- **Exercise objective**: Carry over every entry exactly as written, though not the pictures it contains.

- **Extracted records**:
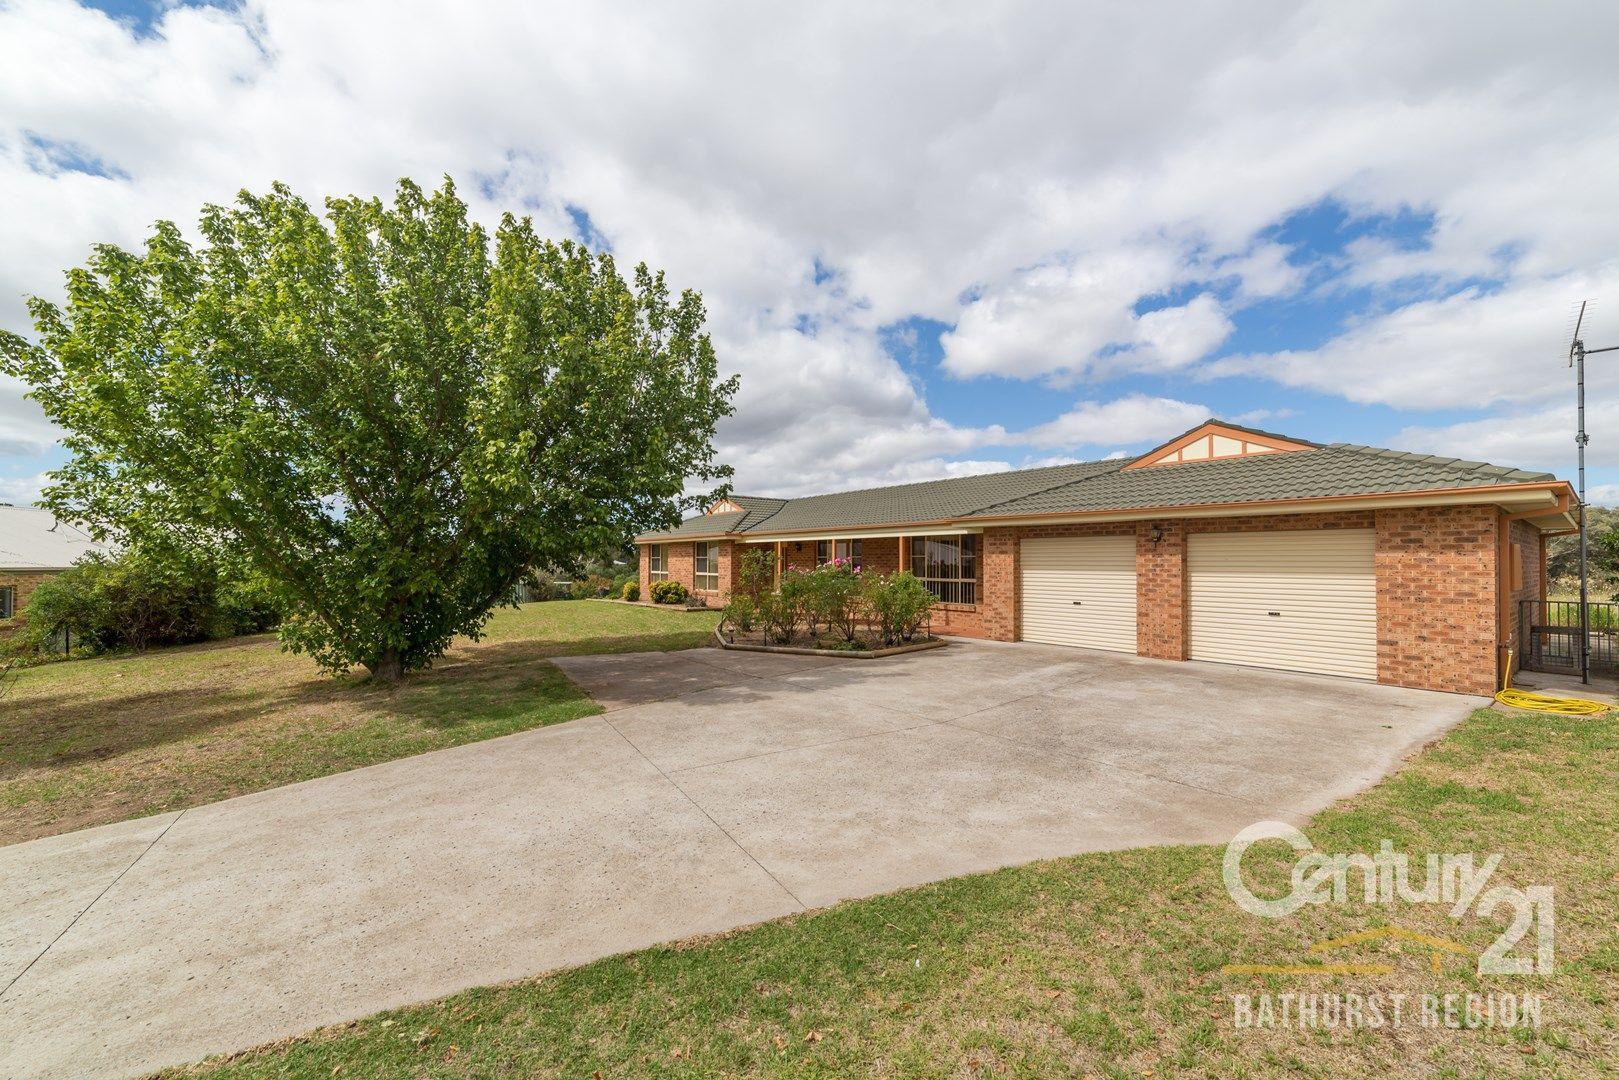 8 Kensington Place, Perthville NSW 2795, Image 0
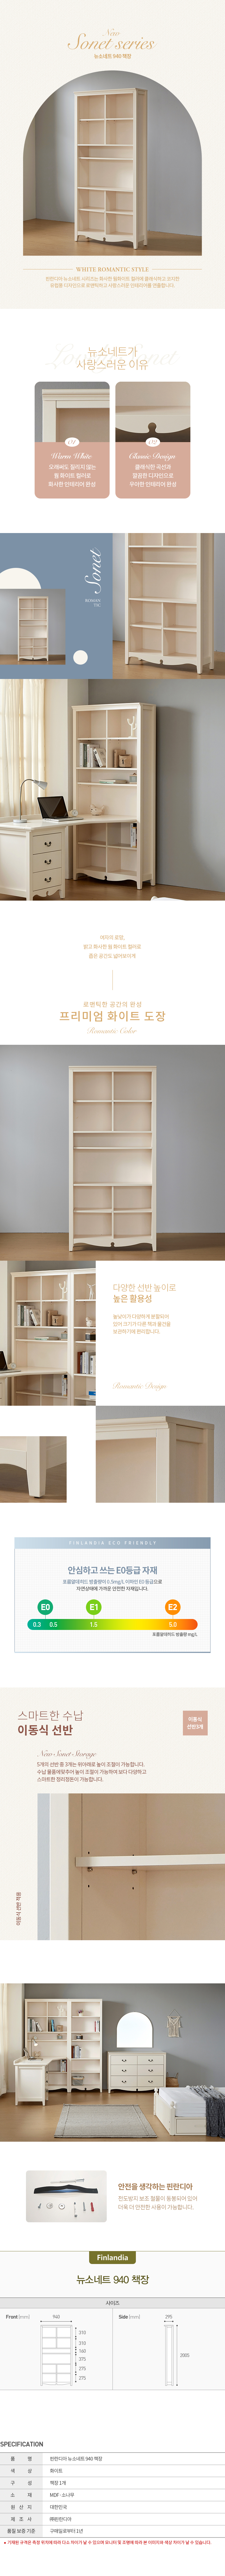 newsonet_bookshelf940.jpg
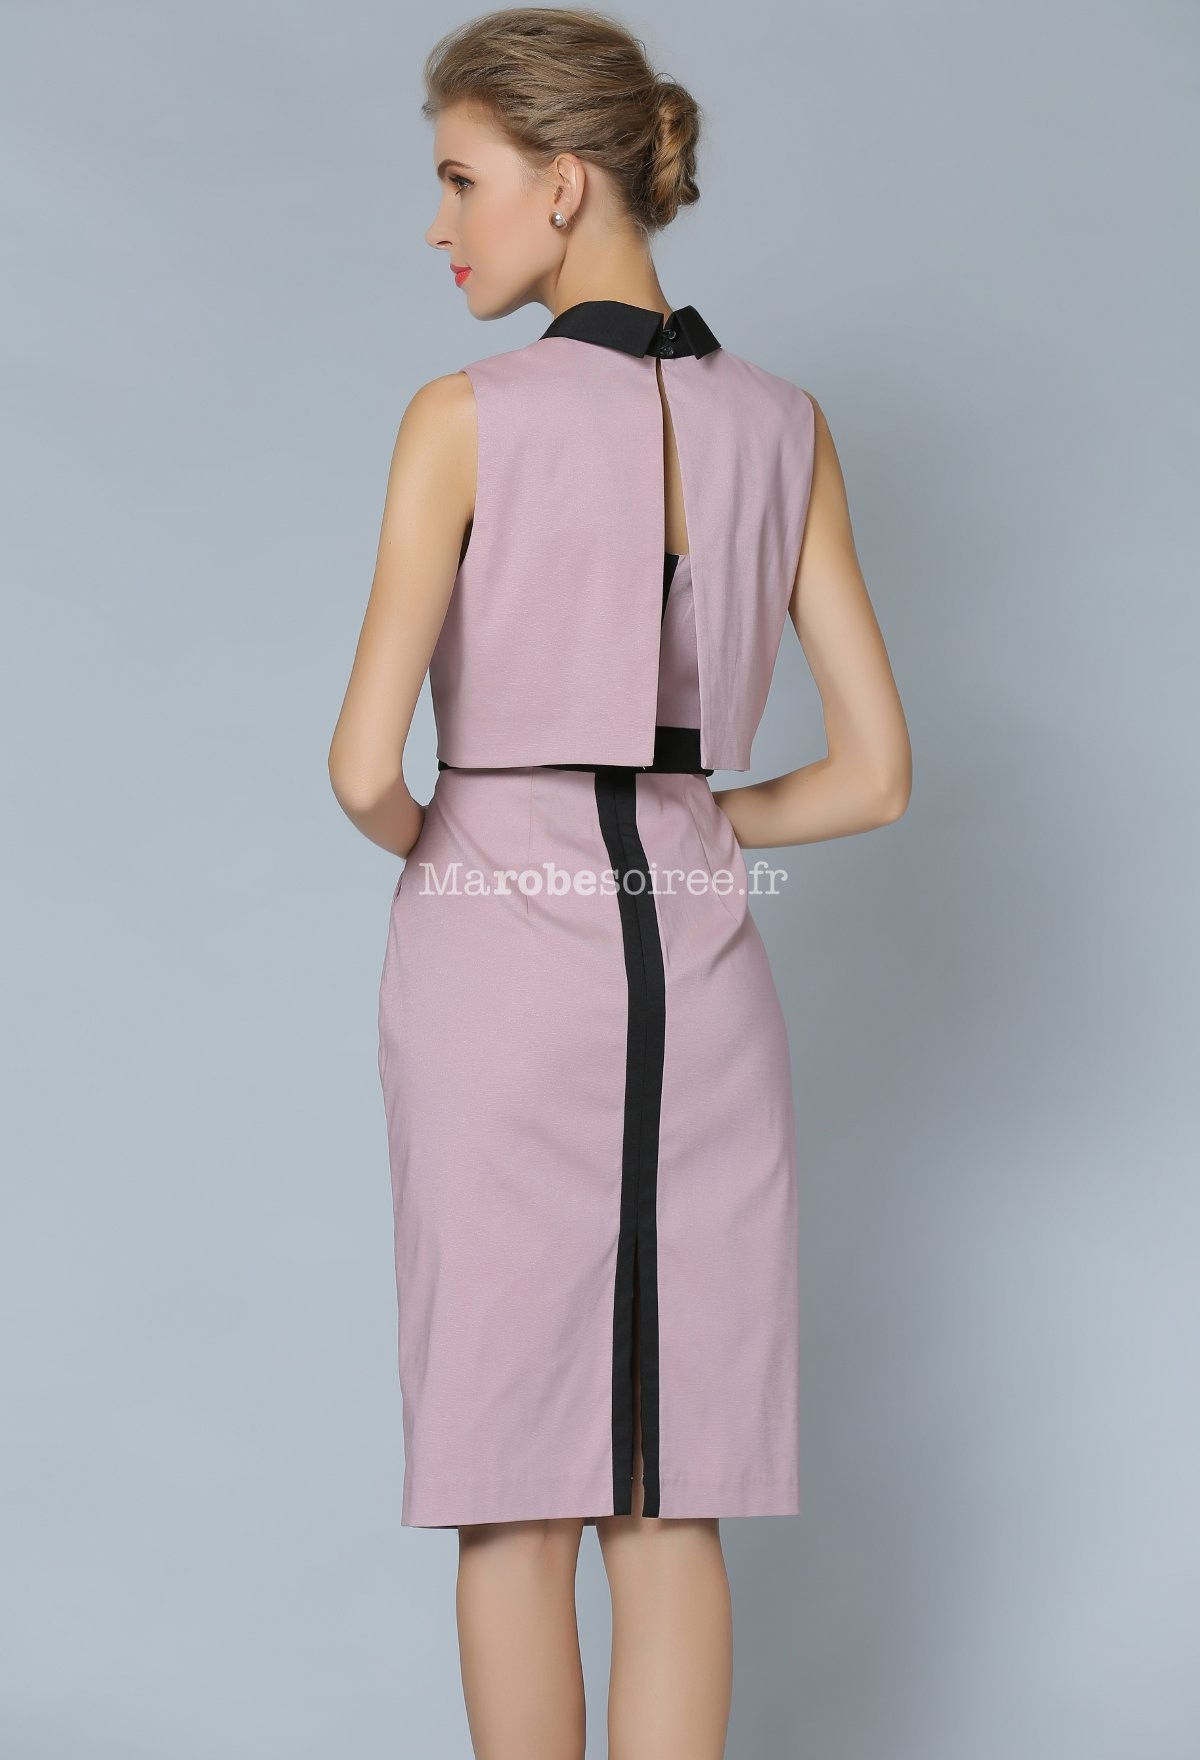 jolie robe tailleur rose poudr avec petite veste. Black Bedroom Furniture Sets. Home Design Ideas
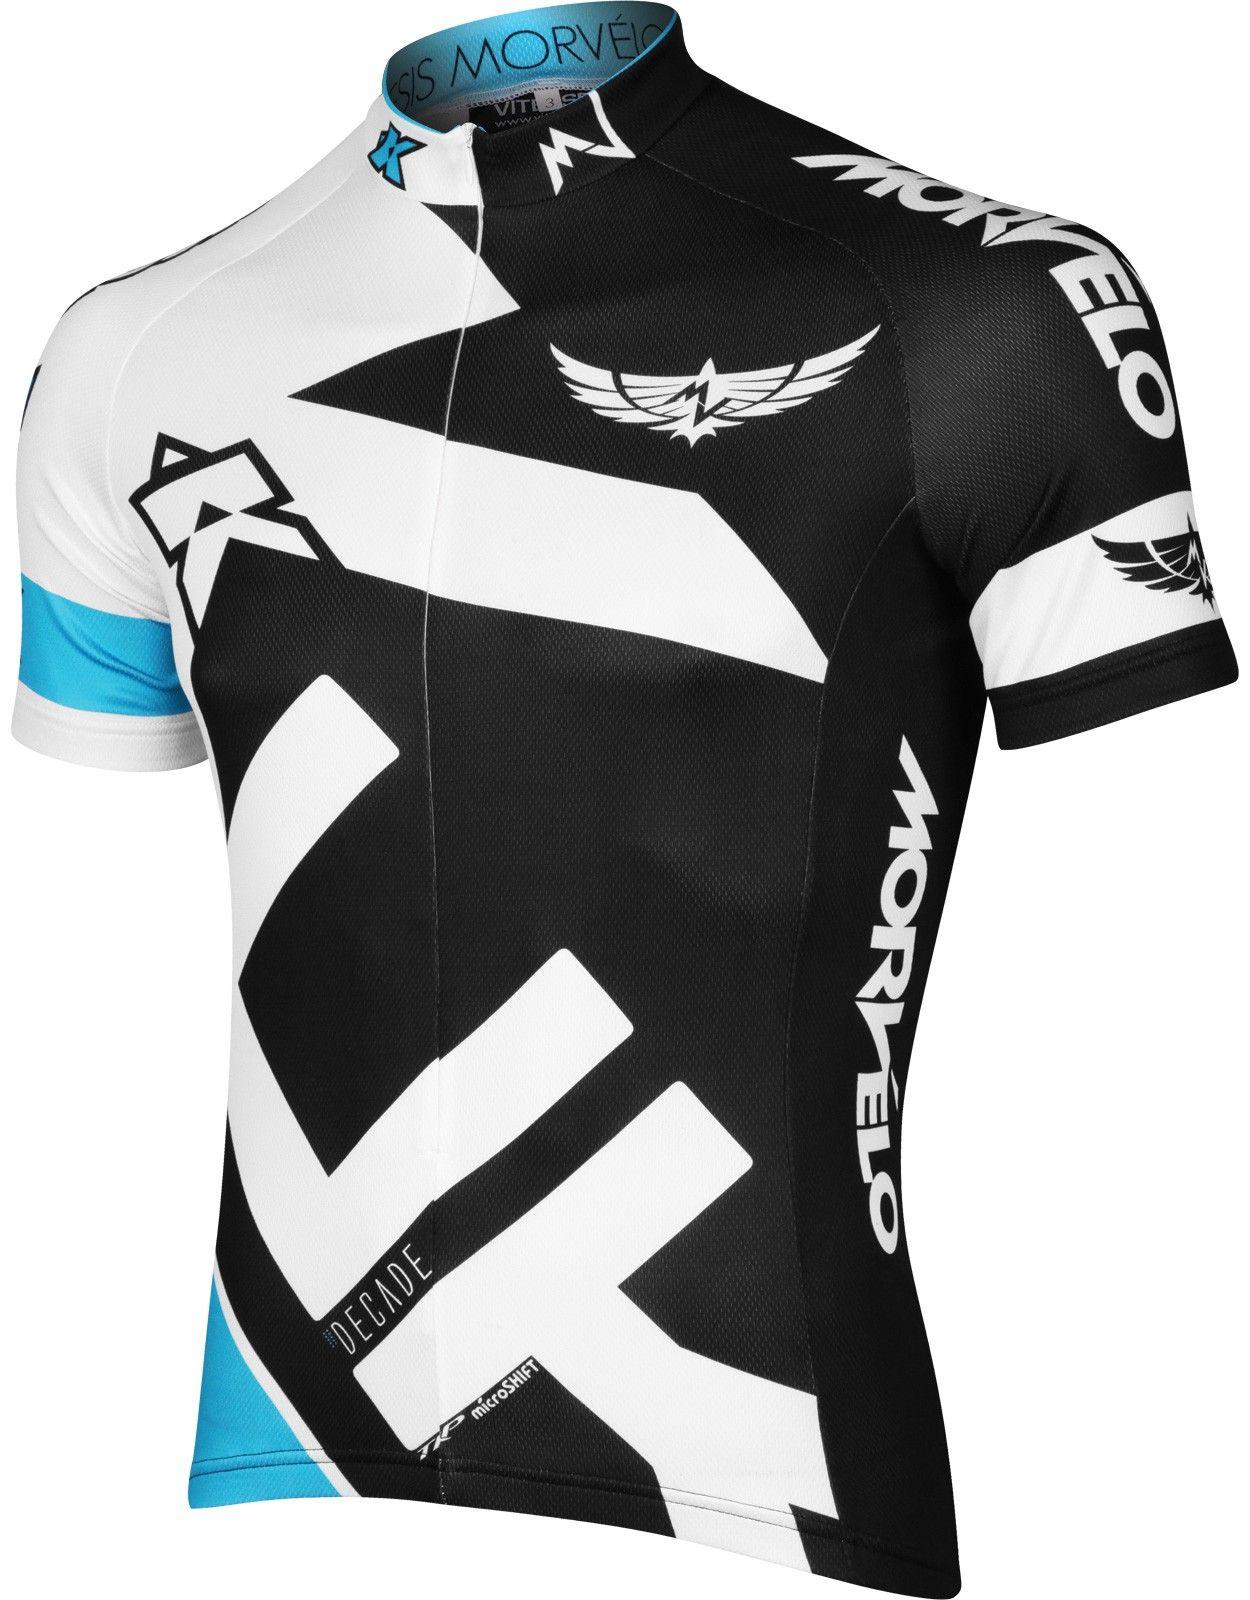 Bike Jersey Cycling Outfit Cycling Tops Cycling Wear
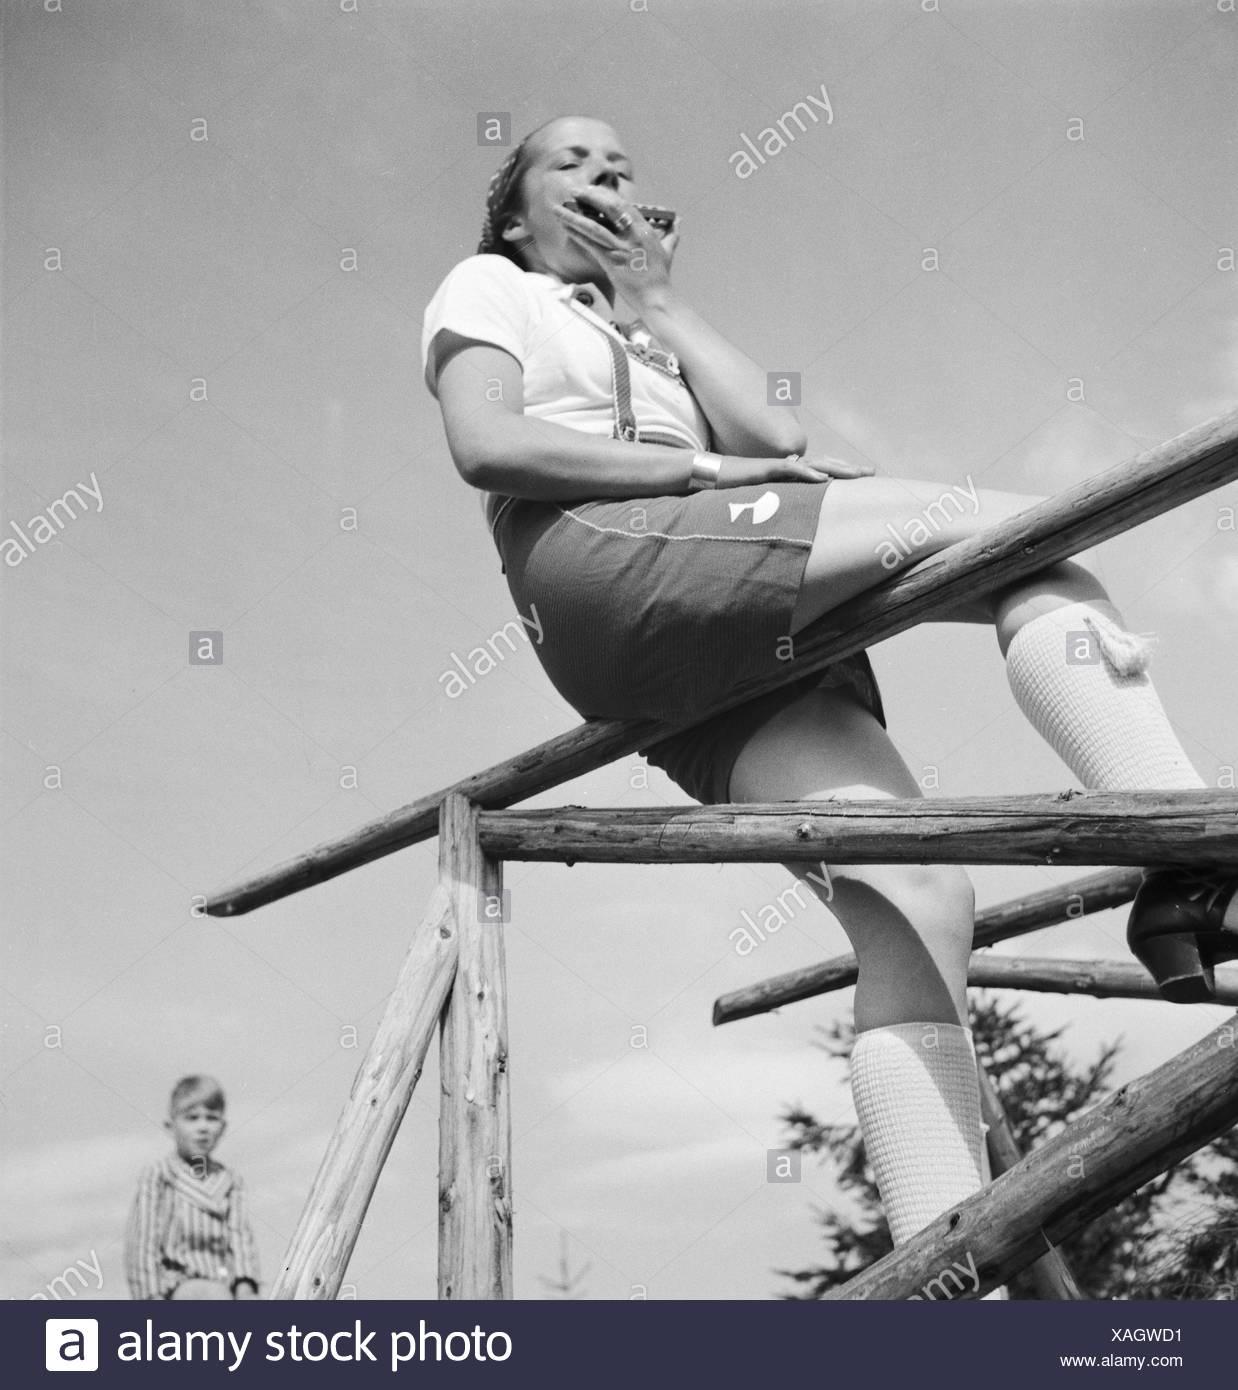 Eine junge Frau mit einer Mundharmonika auf einem Zaun, Deutschland er Jahre 1930. Uma mulher jovem com uma harmonica sobre uma cerca, Alemanha 1930. Imagens de Stock

- **Expected output**:
 8 Kensington Place, Perthville NSW 2795, Image 0
 newsonet_bookshelf940.jpg
 jolie robe tailleur rose poudr avec petite veste. Black Bedroom Furniture Sets. Home Design Ideas
 Bike Jersey Cycling Outfit Cycling Tops Cycling Wear
 Eine junge Frau mit einer Mundharmonika auf einem Zaun, Deutschland er Jahre 1930. Uma mulher jovem com uma harmonica sobre uma cerca, Alemanha 1930. Imagens de Stock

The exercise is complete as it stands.